"Ah," he whispered, his great eyes glowing. "It ees the LEETLE white angel!"
"It is the little Mélisse," replied the man.
He dropped upon his knees, with his sad face close to the new life that was to take the place of the one that had just gone out. Jan felt something tugging in a strange way at his heart, and he, too, fell upon his knees beside John Cummins in this first worship of the child.
From this hour of their first kneeling before the little life in the cabin, something sprang up between Jan Thoreau and John Cummins which it would have been hard for man to break. Looking up after many moments' contemplation of the little Mélisse, Jan gazed straight into Cummins' face, and whispered softly the word which in Cree means "father." This was Jan's first word for Mélisse.
When he looked back, the baby was wriggling and kicking as he had seen tiny wolf-whelps wriggle and kick before their eyes were open. His beautiful eyes laughed.

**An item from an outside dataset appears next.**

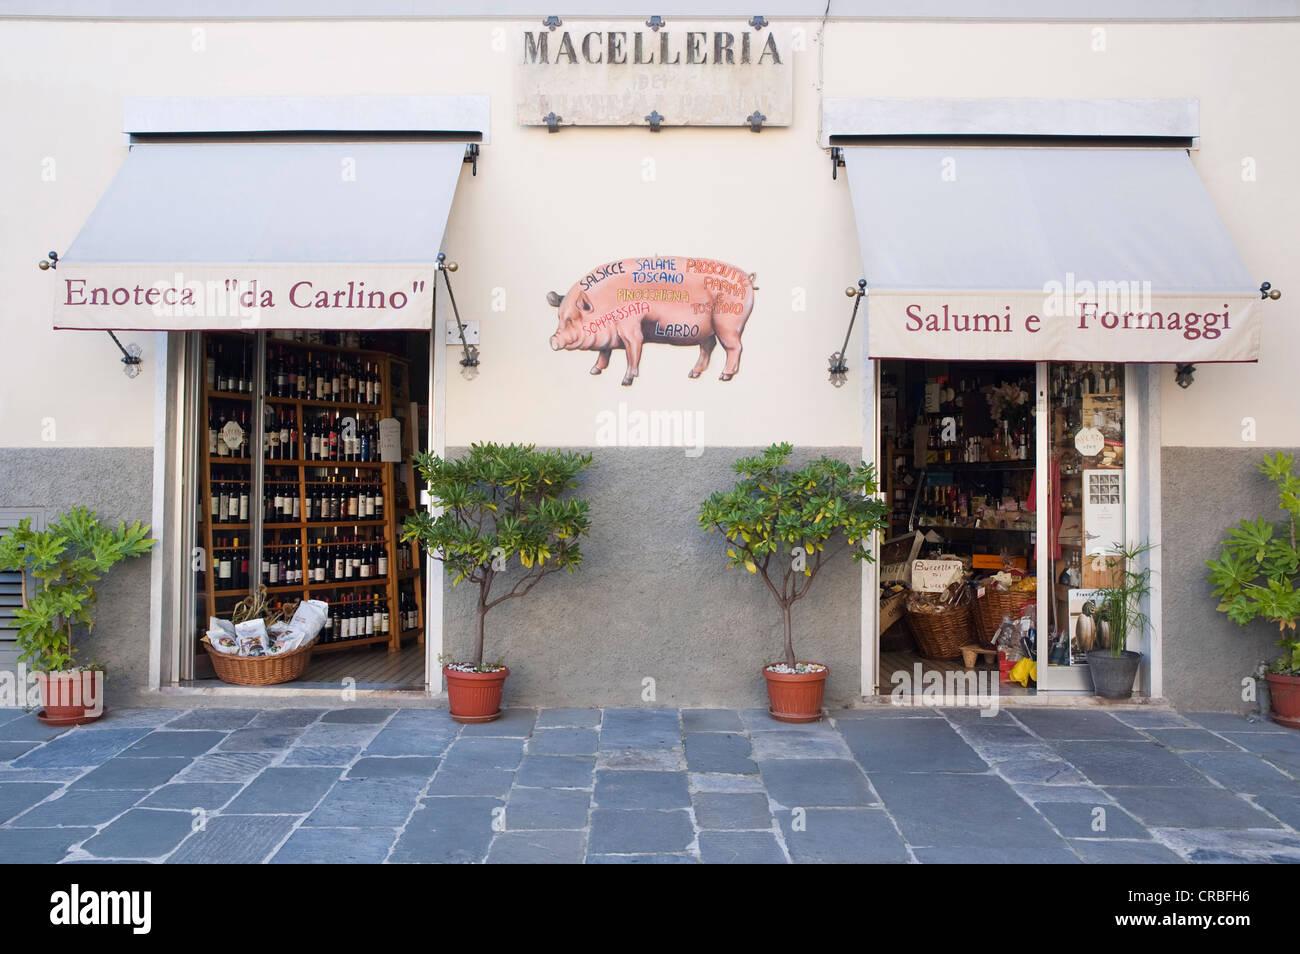 Enoteca 'da Carlino, delicatessen, Pietrasanta, Tuscany, Italy, Europe - Stock Image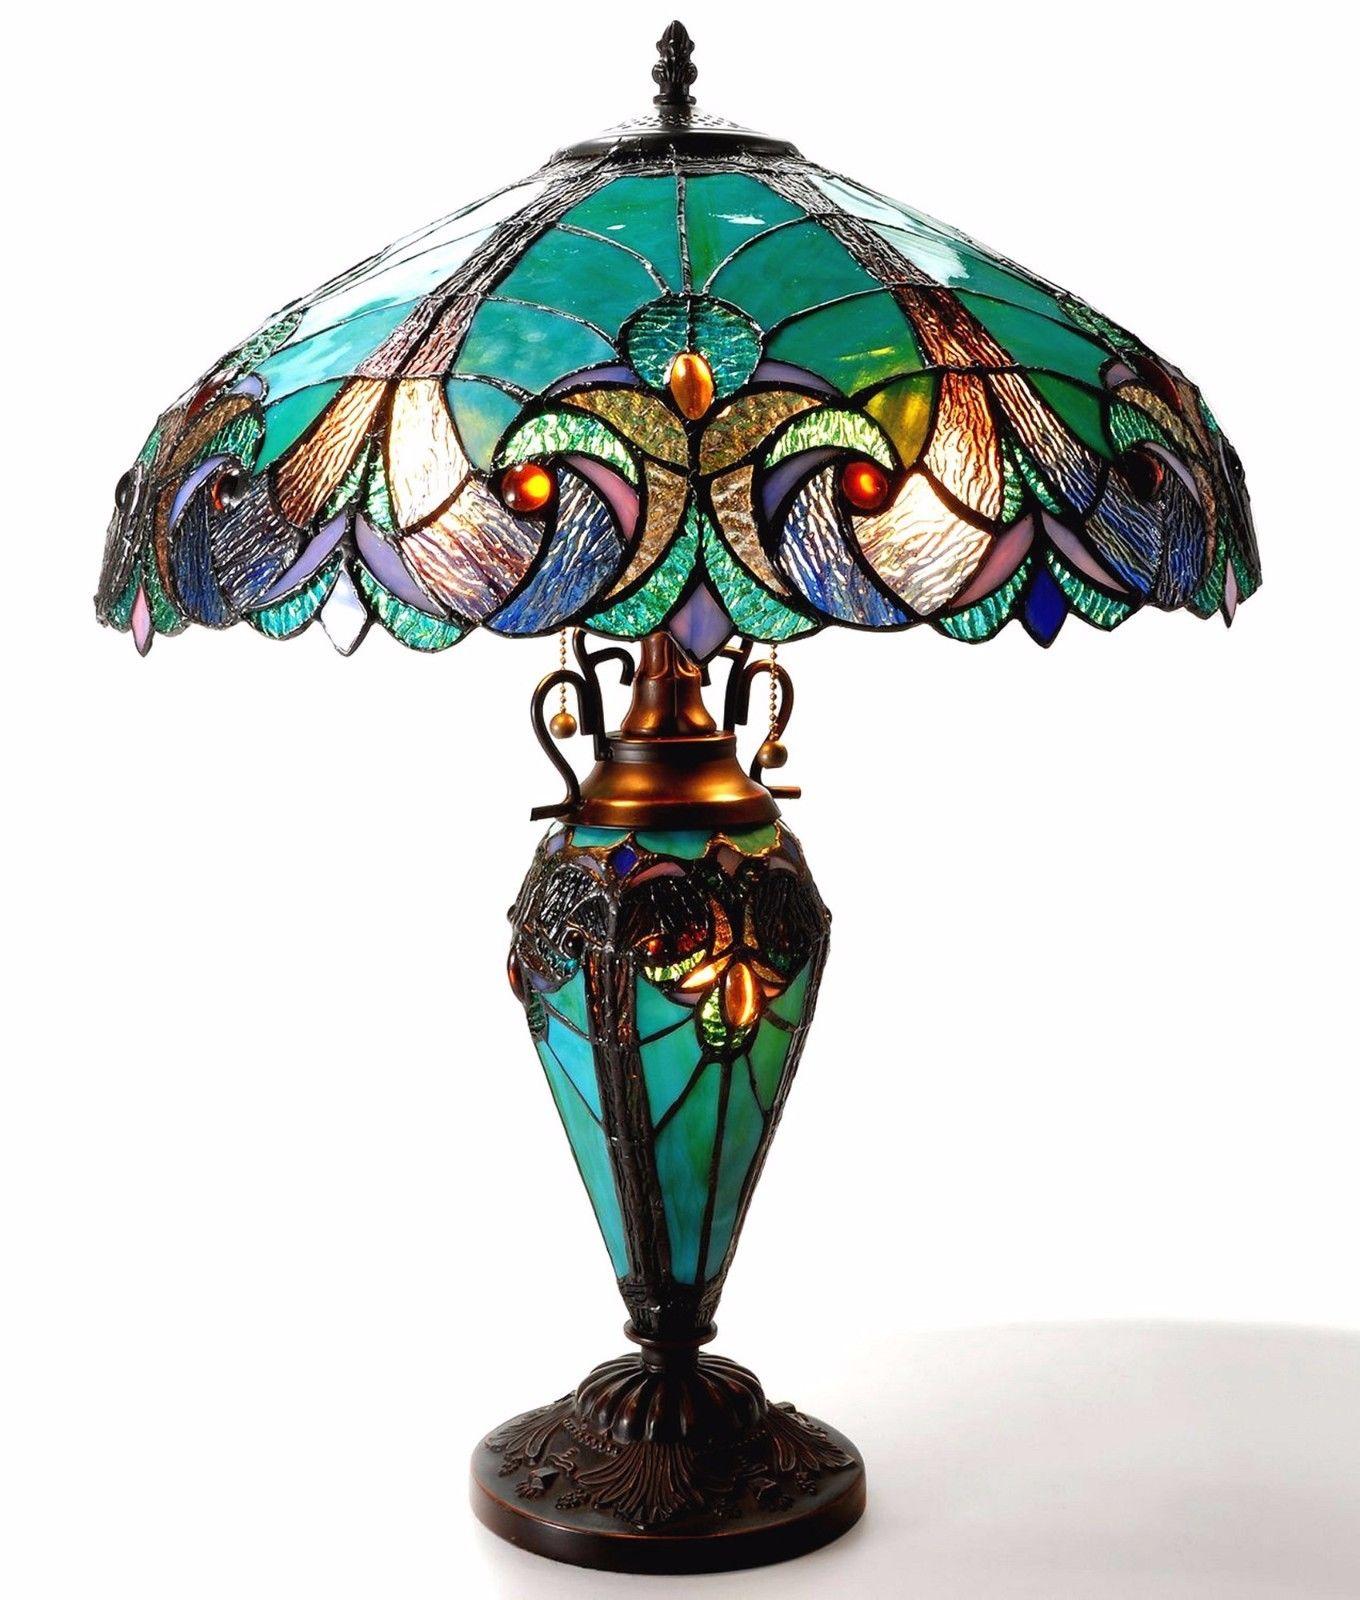 vintage-tiffany-lamps-photo-15

As cautiously as if he were playing with hot iron, he reached out a thin hand, and when one of his fingers suddenly fell upon something very soft and warm, he jerked it back as quickly as if he had been burned.
That night, when Jan picked up his violin to go back to Mukee's cabin,
Cummins put his two big hands on the boy's shoulders and said:
"Jan, who are you, and where did you come from?"
Jan stretched his arm vaguely to the north.
"Jan Thoreau," he replied simply. "Thees is my violon. We come alone through the beeg snow."
Cummins stared as if he saw a wonderful picture in the boy's eyes. He dropped his hands, and walked to the door. When they stood alone outside, he pointed up to the stars, and to the mist-like veil of silver light that the awakening aurora was spreading over the northern skies.